From crystal to docking: structure-based characterization and biological targeting of pan-hydroselenate hybrid
Journal of the Iranian Chemical Society, cilt.23, sa.6, 2026 (SCI-Expanded, Scopus)
- Yayın Türü: Makale / Tam Makale
- Cilt numarası: 23 Sayı: 6
- Basım Tarihi: 2026
- Doi Numarası: 10.1007/s13738-026-03491-1
- Dergi Adı: Journal of the Iranian Chemical Society
- Derginin Tarandığı İndeksler: Science Citation Index Expanded (SCI-EXPANDED), Scopus, Academic Search Ultimate (EBSCO), Materials Science & Engineering Collection (ProQuest), Technology Collection (ProQuest)

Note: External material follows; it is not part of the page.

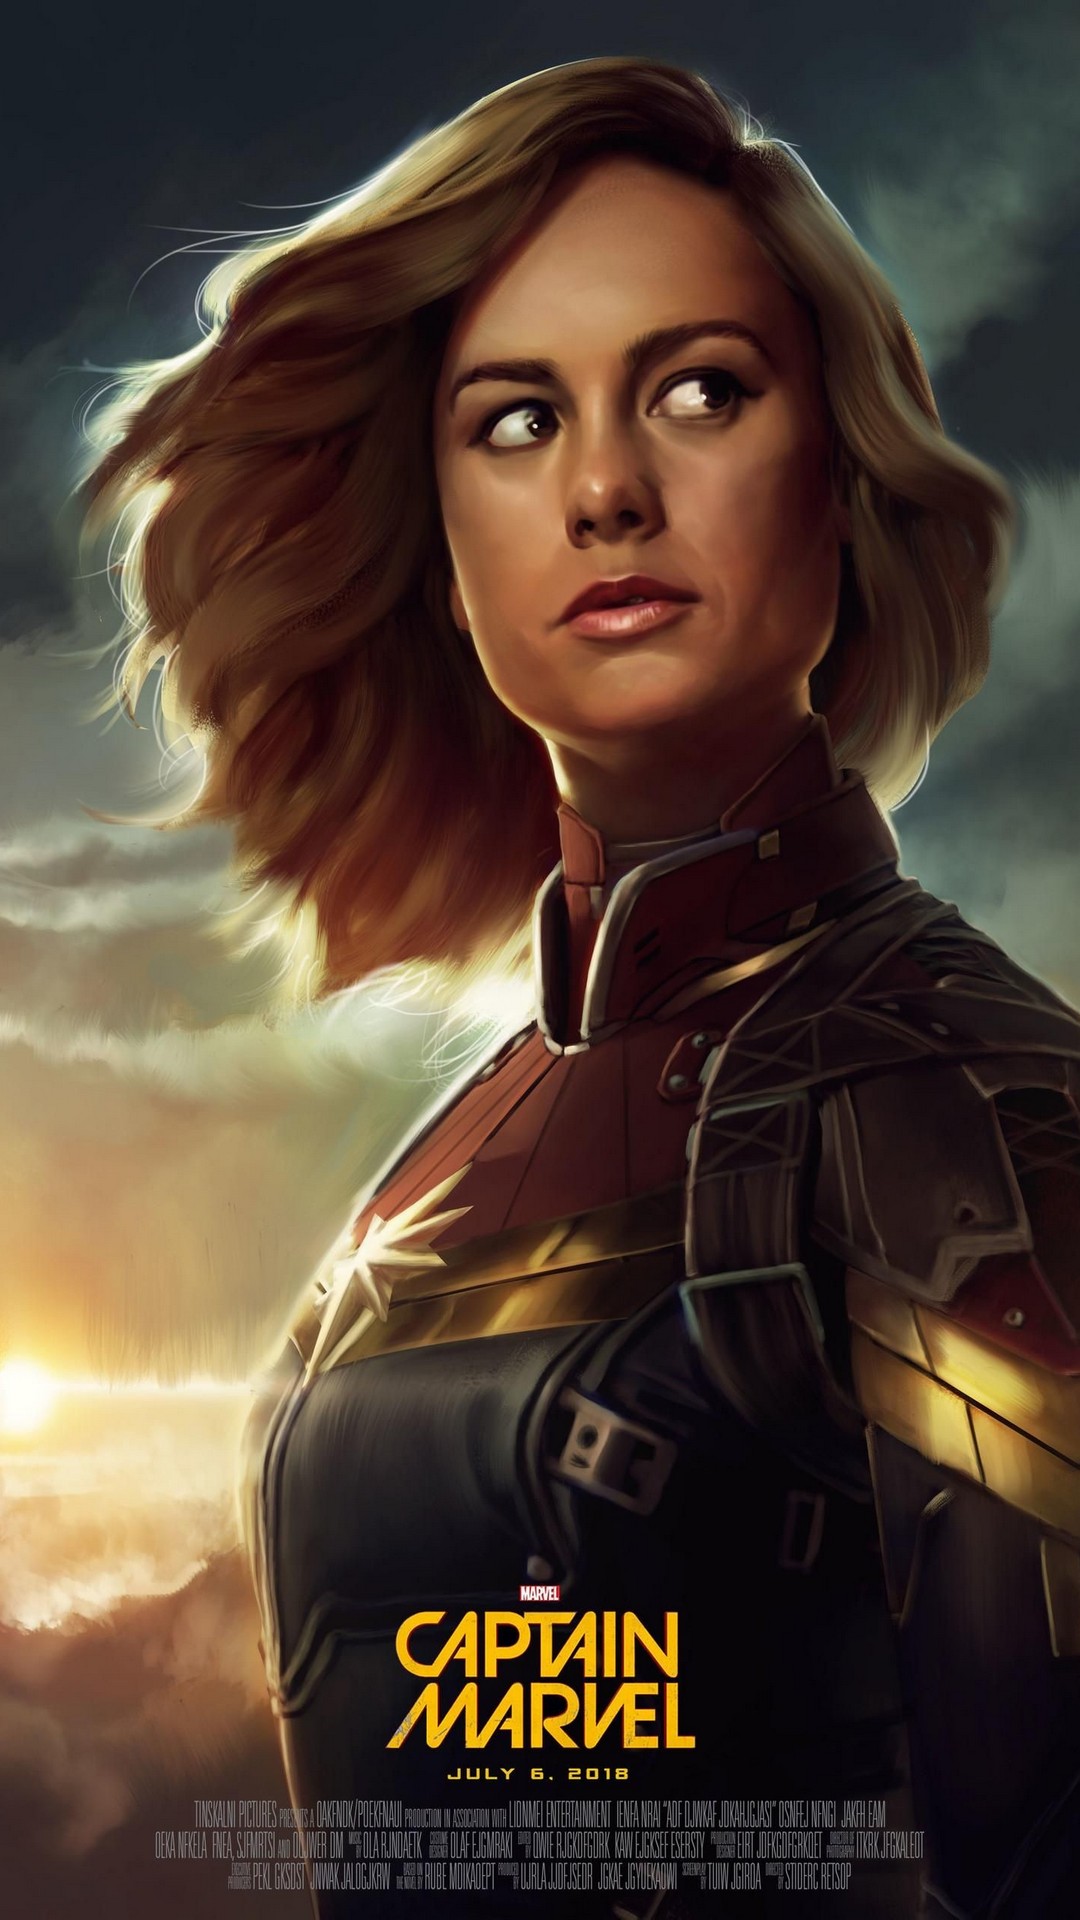 Captain Marvel Android Wallpaper With High-resolution - HD Wallpaper

- Anahtar Kelimeler: DFT calculations, Hirshfeld surface analysis, Molecular docking, Organic-inorganic hybrid, Triazinium salt
- Ondokuz Mayıs Üniversitesi Adresli: Evet
Özet
A novel organic-inorganic hybrid compound, 1-[2-pyridylazo]-2-naphthol-hydroselenate monohydrate (PANHSW), was synthesized through a proton transfer reaction between PAN and selenic acid. The structural characterization of the compound was performed using single-crystal X-ray diffraction, revealing a triclinic crystal system (space group P1̅) with layered packing stabilized by π–π stacking and hydrogen bonding interactions. Infrared (IR) spectroscopy supported the presence of key functional groups, and theoretical vibrational analysis via DFT/B3LYP/6-31G(d, p) further confirmed structural assignments. Hirshfeld surface and fingerprint plot analyses indicated that O···H/H···O and H···H interactions contribute most to the packing stability. Frontier molecular orbital, natural bond orbital, and molecular electrostatic potential analyses provided insight into the compound’s electronic behavior, suggesting significant intramolecular charge transfer and moderate electrophilic character. The HOMO–LUMO energy gap (3.39 eV) implied high kinetic stability. Additionally, molecular docking simulations were performed against four predicted protein targets: TLR9, PDE7A, AHR, and PPARG. Among these, PANH⁺ showed the most promising and functionally relevant binding with PDE7A, engaging active site residues through π–π and electrostatic interactions. Interactions with TLR9, AHR, and PPARG were found to be peripheral or outside active regions. These findings collectively highlight the structural stability and potential biological relevance of PANHSW, paving the way for future studies into its pharmacological or sensing applications.